The Court ruled that severe depravity was a valid and specific basis for death penalty. The murder commission's overly inhumane or monstrous behaviour serves as a clear sign of perpetrator's twisted nature. Furthermore, accepting circumstances of the act and circumstances of the culprit in two separate watertight compartments is inappropriate. When a homicide involves great depravity, the argument for the death sentence becomes more compelling.


  • Ram Singh vs Sonia and Ors.[3]:

Here, it was decided that failing to apply death penalty in situation when crime was done in most disgusting and vile manner would be a failure of the judicial system.


  • Devender Pal Singh vs State (NCT of delhi) [4]:

The court ruled that if society's collective conscience is sufficiently outraged, then death penalty must be imposed.

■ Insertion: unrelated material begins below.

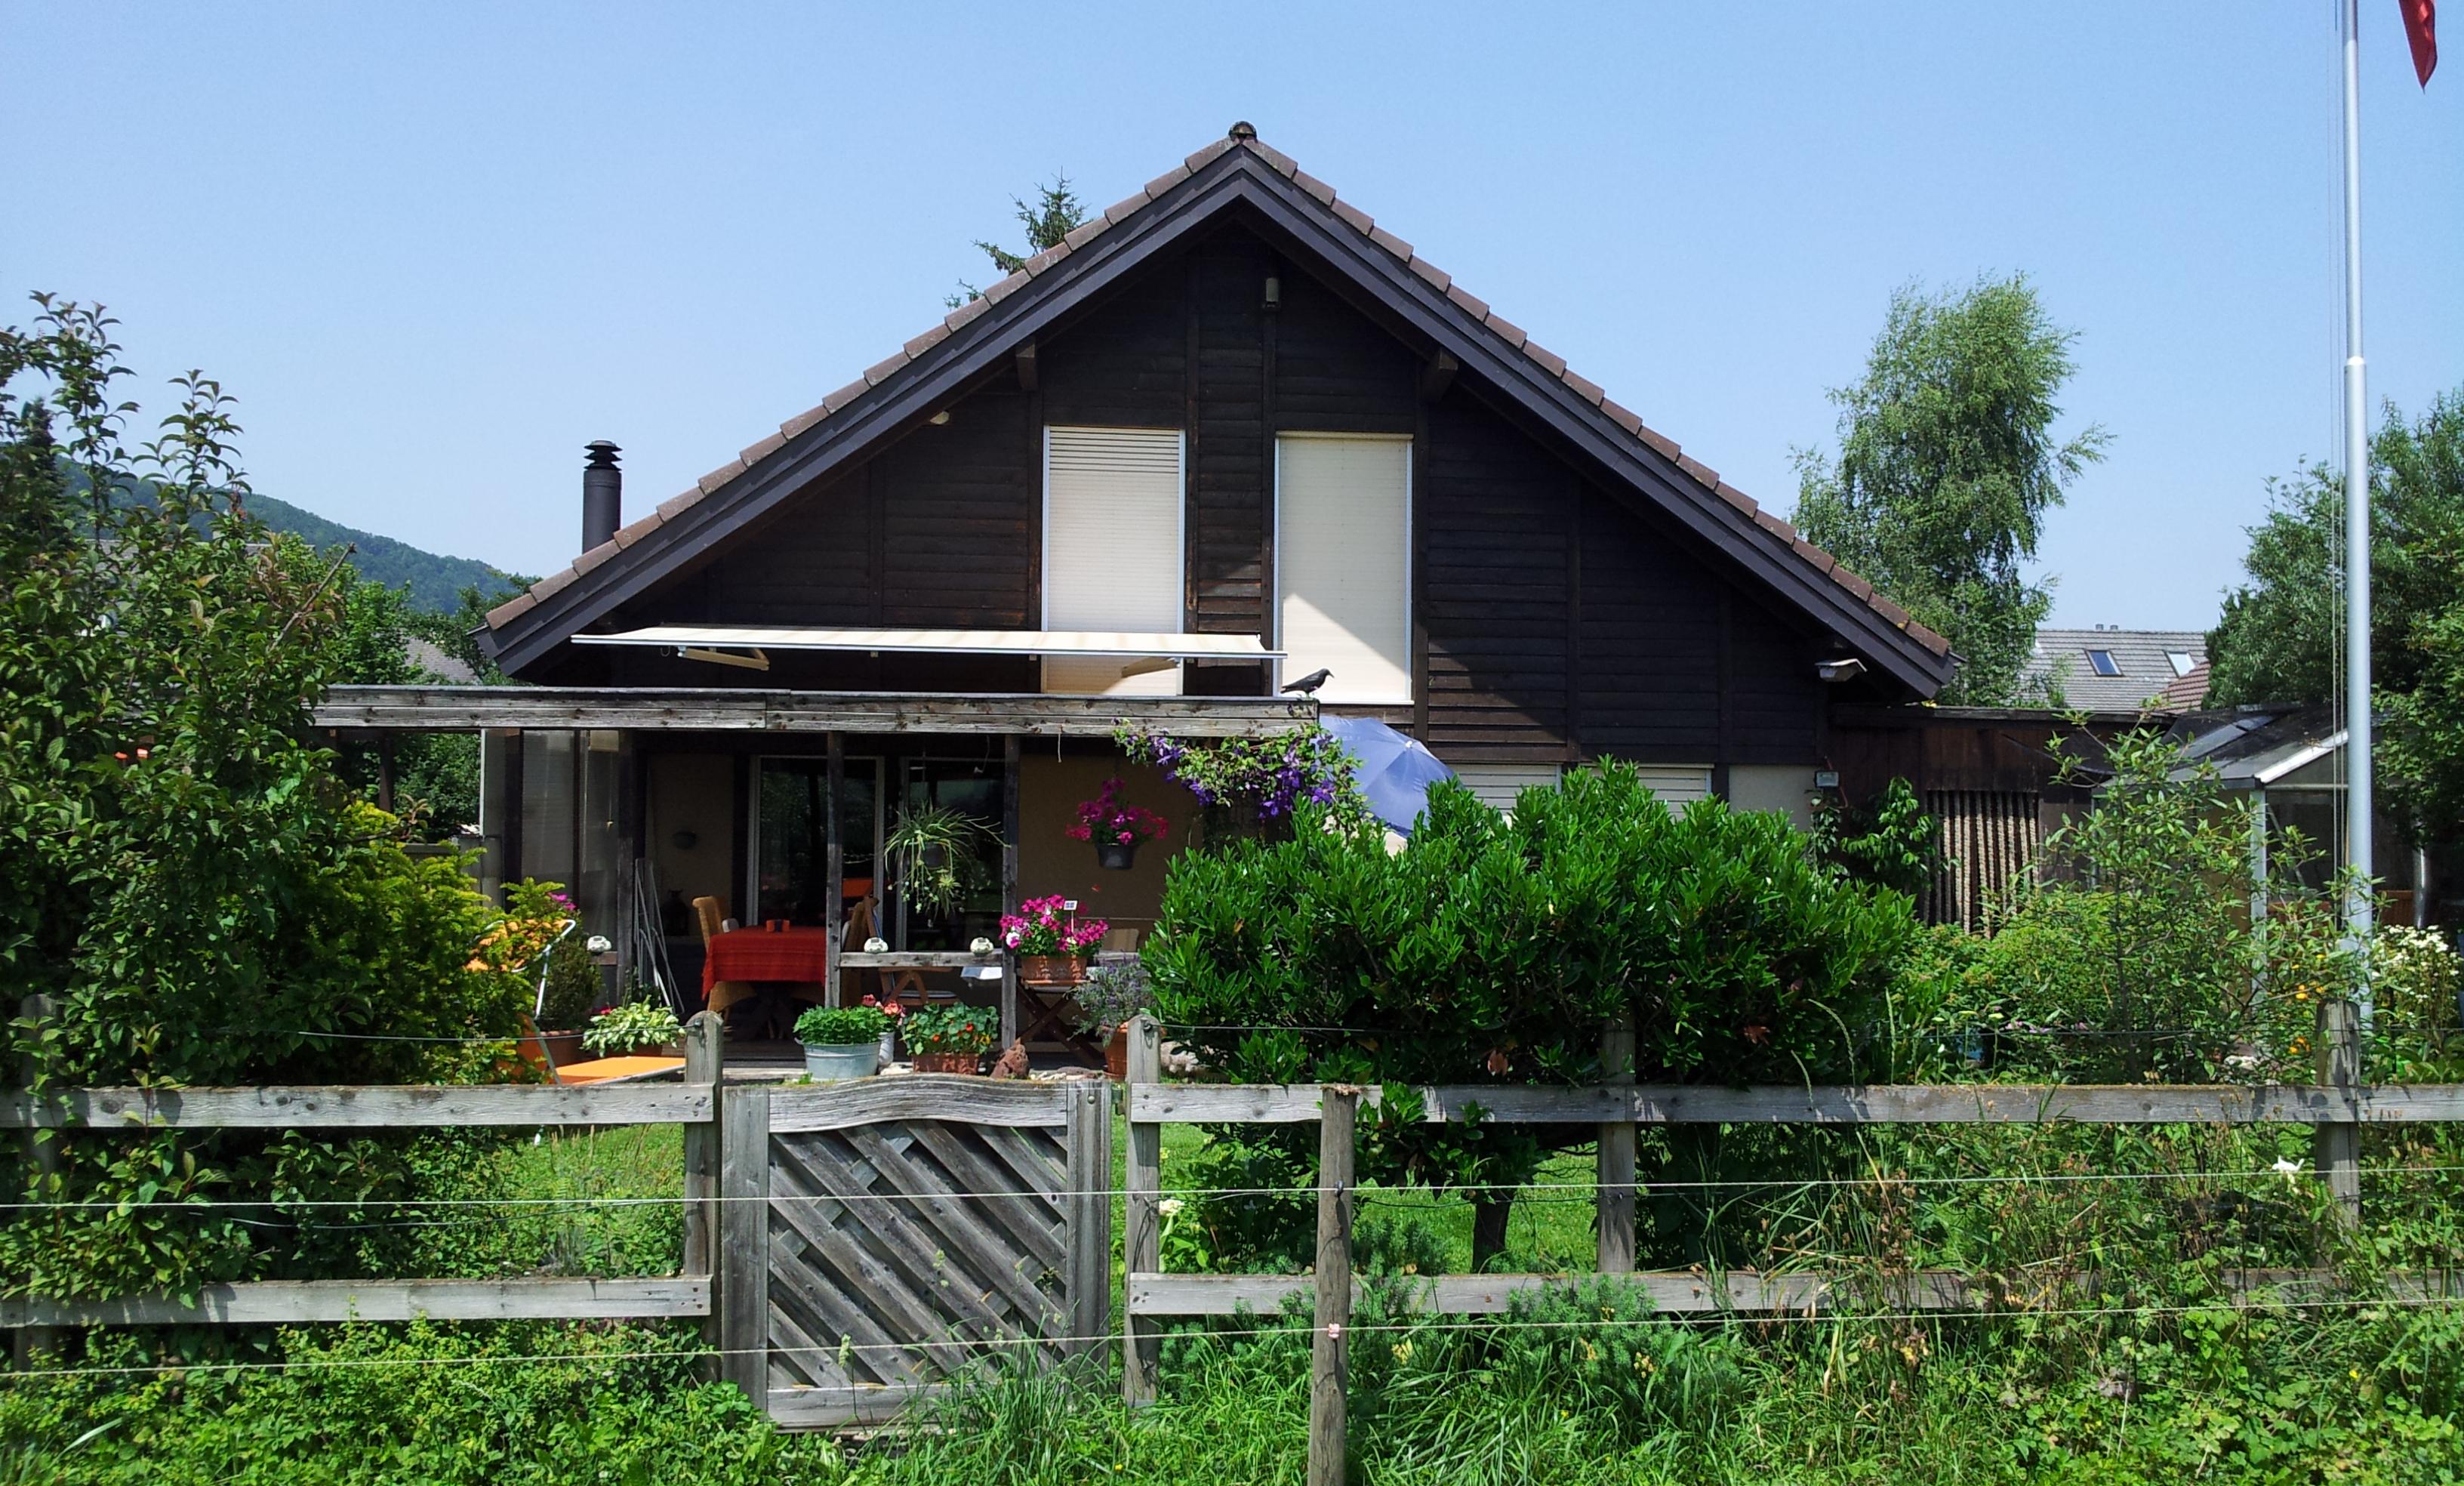 Einzigartig Haus Anbau Referenz Von 20120629_140820 20120629_140904

  • Machhi Singh vs State of Punjab [5]:

The humanistic superstructure, according to the court, is the foundation of the idea of "reverence for life." The community is at risk if someone violates this value by killing another member. If the society's collective conscience is so horrified that the bearers of judiciary are ordered to carry out death penalty regardless of their subjective opinion on whether or not it is advantageous to keep the death penalty in place. Death penalty should be given.


  • Ajit Singh Gujal vs State of Maharashtra [6]:

It was decided that a line should be drawn between regular murders and grotesque, dreadful, or horrible killings. Although the former should receive a life sentence, the later should necessarily receive death penalty because it is one of the rarest situations.